Hmmm, IQ balancing is always needed if the hardware has
an analog quadrature mixer. Putting the A/D converters externally
does not change anything. The Mercury has a digital quadrature mixer
so no balancing is needed....
> That is why the PC sends the audio back to the card over the USB.
So you mean that sending nothing (zeroes) back would be ok to the OZY?
The specification seems to say something else....
> You can get audio out at the PC if you want, using the VAC
> interface to PowerSDR (or whatever software you are running)
My interest is limited to whether the hardware would be suitable
as hardware supported by Linrad.
> The block diagram is shown here:
> I am not an expert on this stuff (perhaps obvious by now?)

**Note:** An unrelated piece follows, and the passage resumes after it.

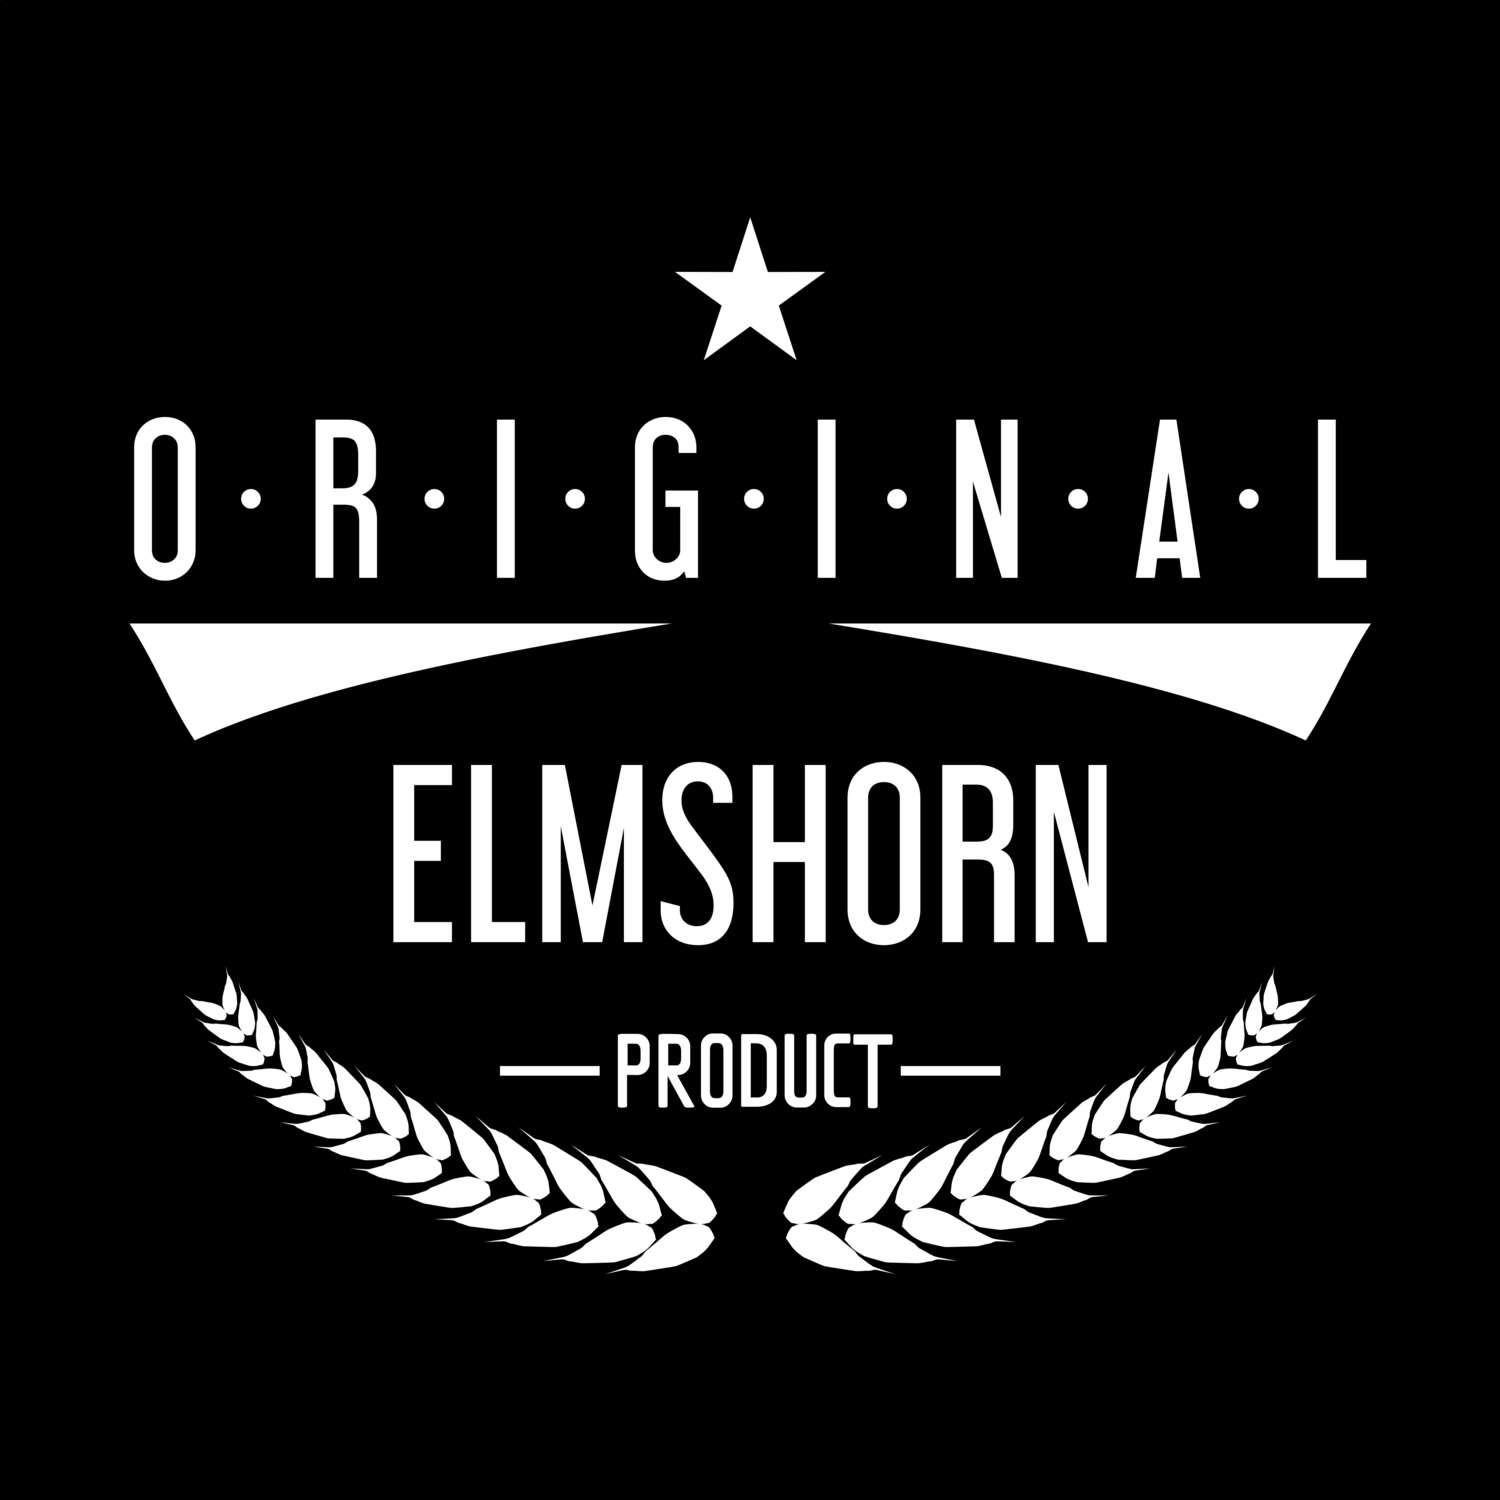 Elmshorn T-Shirt »Original Product«

> so in looking for more information I stumbled across this article
> which describes the theory behind a system very much like Mercury
> (CORDIC followed by multi-rate decimating bandpass filters).
This is the same as SDR-14, SDR-IQ, SDR-14 and others. From my point of
view the Mercury is just one more of the kind. The problems I see are
caused by its integration into a system with limited performance.
> I believe QS1R you mentioned shares many features with Mercury (or vice versa) to see the relationship between the two projects look here
This page was not available from here.
> With firmware modifications Mercury's bandwidth is limited only
> by the USB (480 Mb/s divided by the size of each sample plus
> overhead - certainly it is in the multi-megahertz range if
> the PC could swallow data that fast).
Linrad runs happily at 2 MHz with the Perseus on a modest computer.
I do not have the skils to do the appropriate firmware for Mercury however.
> For example, here is a spectrum analyzer based on Mercury that
> (apparently) produces data faster than the PC can swallow it.
That is because of sub-optimal PC programming I would guess....
> It looks to me that if all the CIC filters in Mercury were set
> to their minimum decimation rate, you would get 1.024 MS/s.
> I don't know if that is feasible due to other constraints,
> but in principle any such thing could be programmed up.
Sure, in principle yes, but to invest time in putting yet another
input routine into Linrad I would need a well working and stable
drive routine to interface to......
> of course, 196 kS/s is fast enough for the EME polarization
> diversity application.
> I am still having some trouble understanding the synchronizing
> issue. Everything in the signal path is being clocked by the
> same oscillator and the two oscillators will be fed by a common
> reference source.
Yes. This is the first necessary condition.
> The software sync that I am proposing would be one of lining-up
> corresponding samples and basically amount to an integer number
> ( probably +/- 200 ) that you shift one set of samples by so they
> match up with the other set.
But one sample at the output corresponds to 640 samples at the input.
There are 640 different possibillities, each one time shifted by
8 ns. Wideband calibration is difficult. Pulses in the two channels
will be two or three samples at 192 kHz depending on details in
the decimation filters. They will be surrounded by oscillations
that extend in proportion to the Q of the filter skirts, presumably
10 to 30 points. The pulses in the two channels will not look
very similar, translating the difference to a time shift is not
so easy. In all, wideband calibration will not be be easy.
> It could be done in the software that reads the data from
> the USB - not in the core of Linrad. This same software should
> make sure that it alternately reads one USB then the other - never
> the same one twice - regardless of what the operating system is doing.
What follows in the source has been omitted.